Indicate which ones are the same as the assumptions for an SLR model. 

In [None]:
# convert this cell to markdown to provide your answer

### 14. Pick at least two assumptions and explain whether or not you believe them to be met for your model, and explain why.

### 15. [Bonus] Generate a table showing the point estimates, standard errors, t-scores, p-values, and 95% confidence intervals for the model you built. 

**Write a few sentences interpreting some of the output.**

> **Hint:** scikit-learn does not have this functionality built in, but statsmodels does in the `summary` method.  To fit the statsmodels model use something like the following.  There is one big caveat here, however!  `statsmodels.OLS` does _not_ add an intercept to your model, so you will need to do this explicitly by adding a column filled with the number 1 to your X matrix

```python
import statsmodels.api as sm

# The Default here is Linear Regression (ordinary least squares regression OLS)
model = sm.OLS(y,X).fit()
```

### 16. Regression Metrics

Implement a function called `r2_adj()` that will calculate $R^2_{adj}$ for a model. 
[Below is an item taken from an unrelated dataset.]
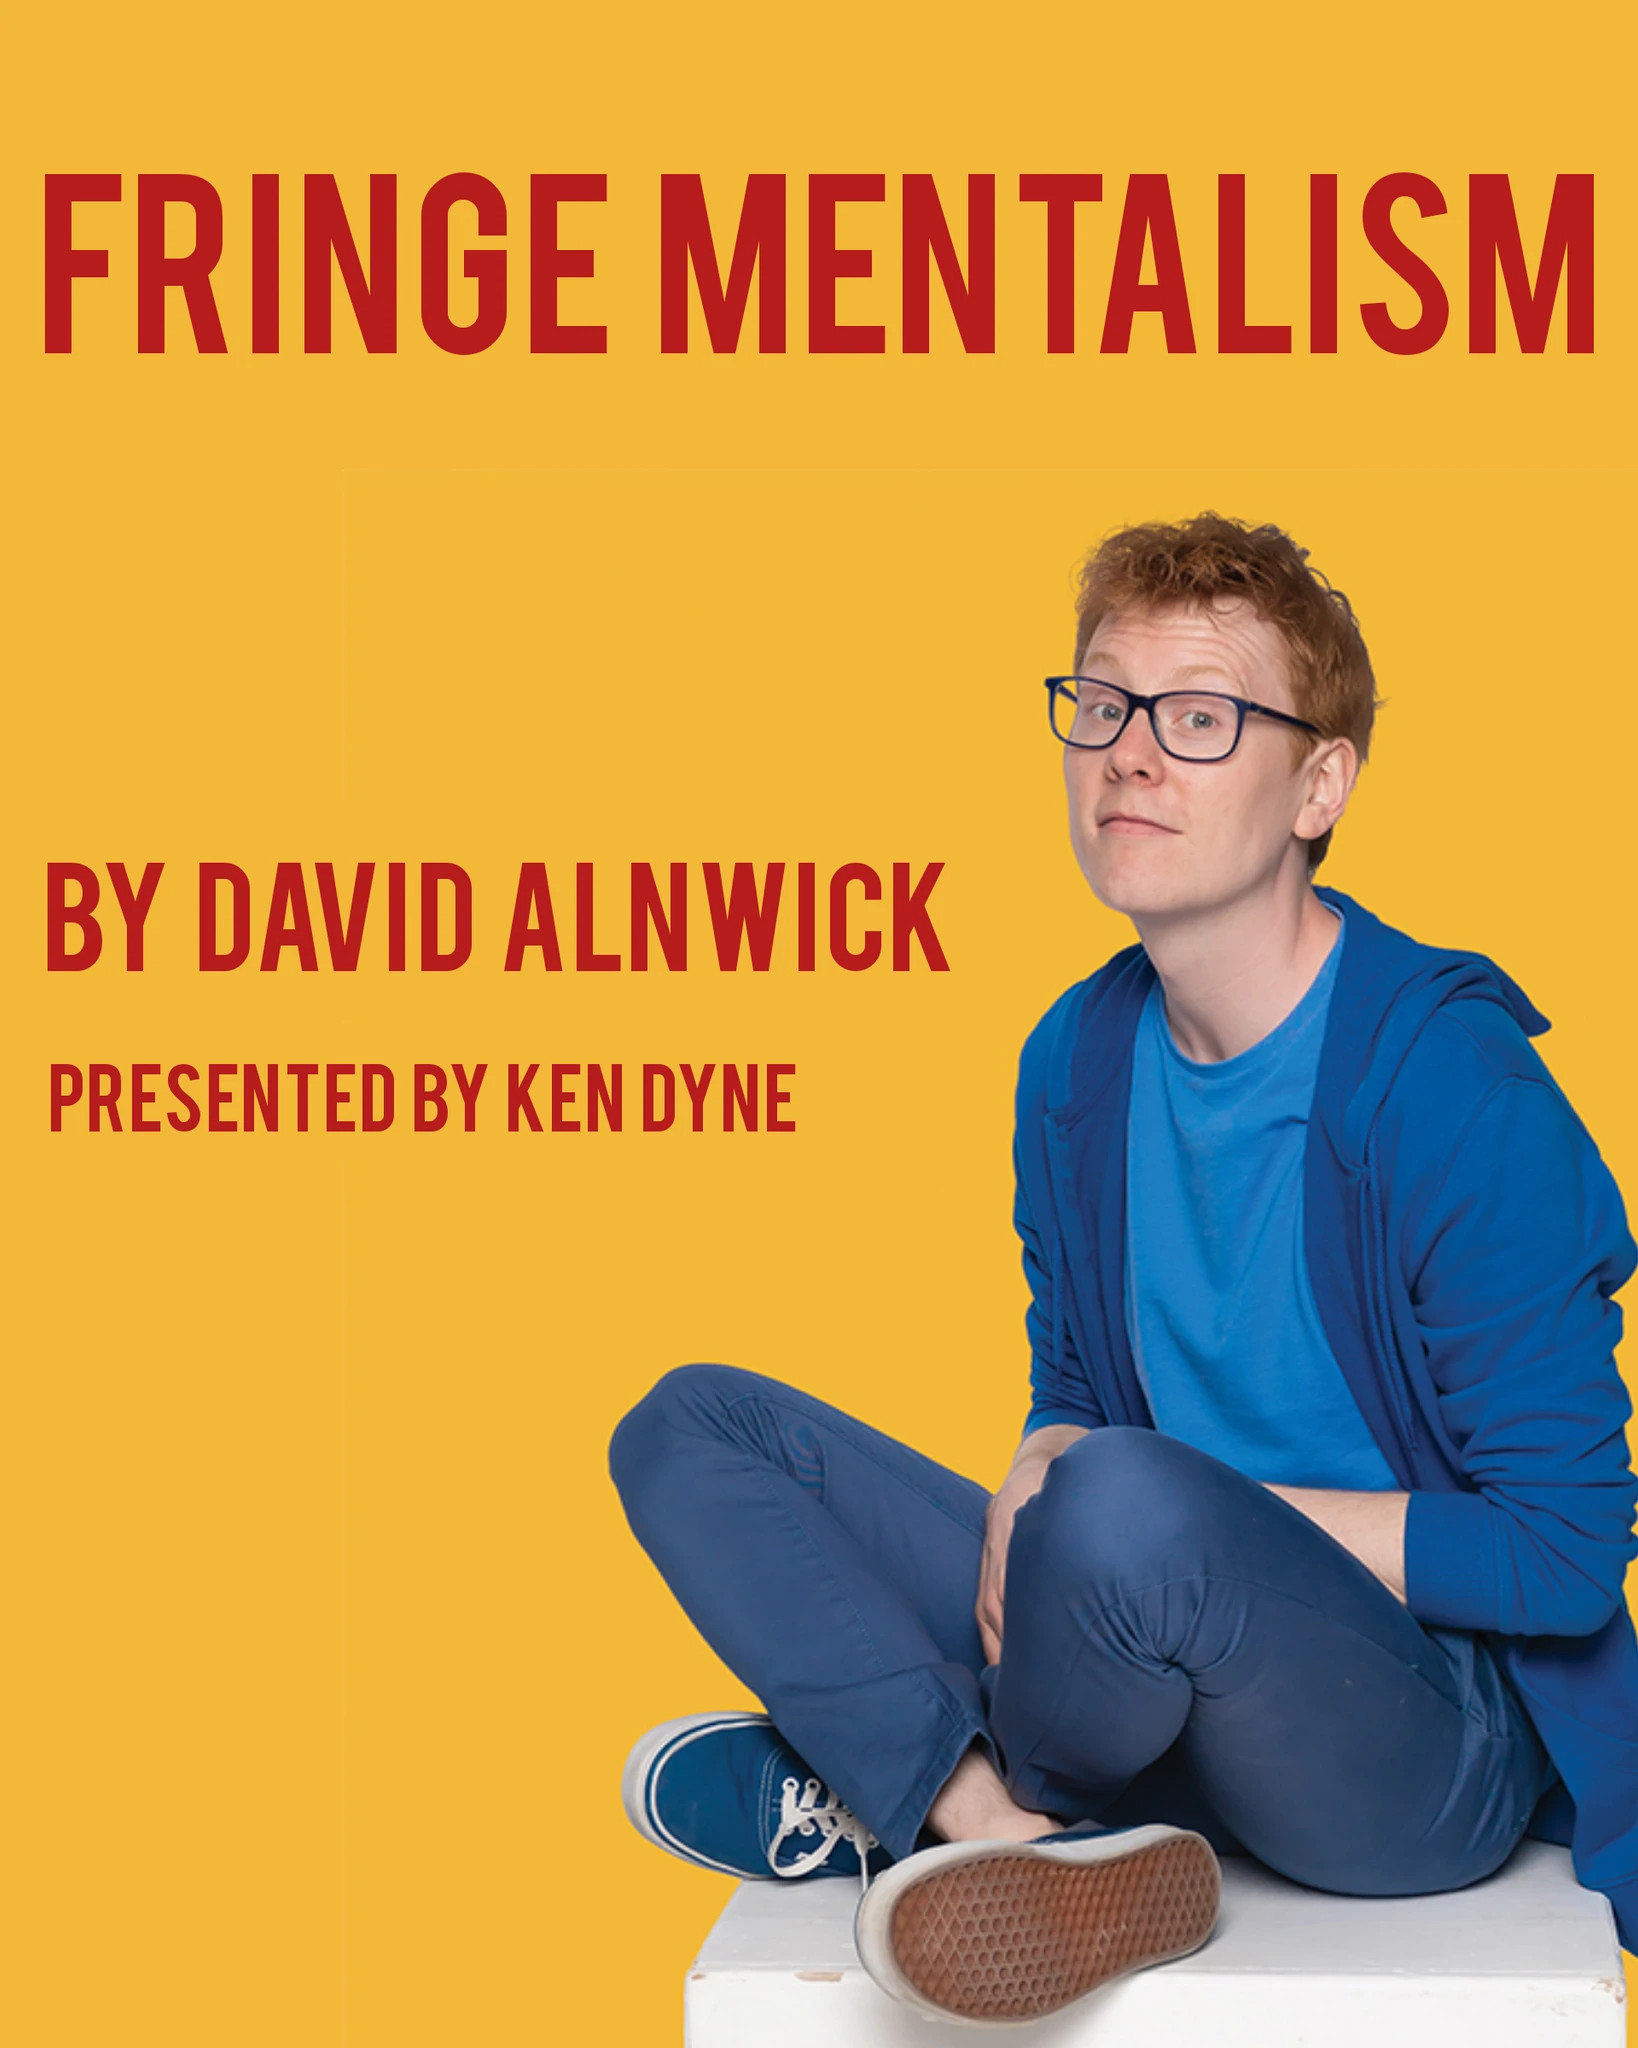 David Alnwick - Fringe Mentalism (Presented by Ken Dyne)

### 17. Metrics, metrics, everywhere...

Calculate and interpret at least three regression metrics. How well does your model perform?

### 18. Model Iteration

Adjust your model by adding or removing a variable. Then calculate the same regression metrics as you used in question 17. Has your model performance increased or decreased?

### 19. Bias vs. Variance

_(To be completed after the bias-variance tradeoff lecture.)_ At this point, do you think your model is high bias, high variance or in the sweet spot?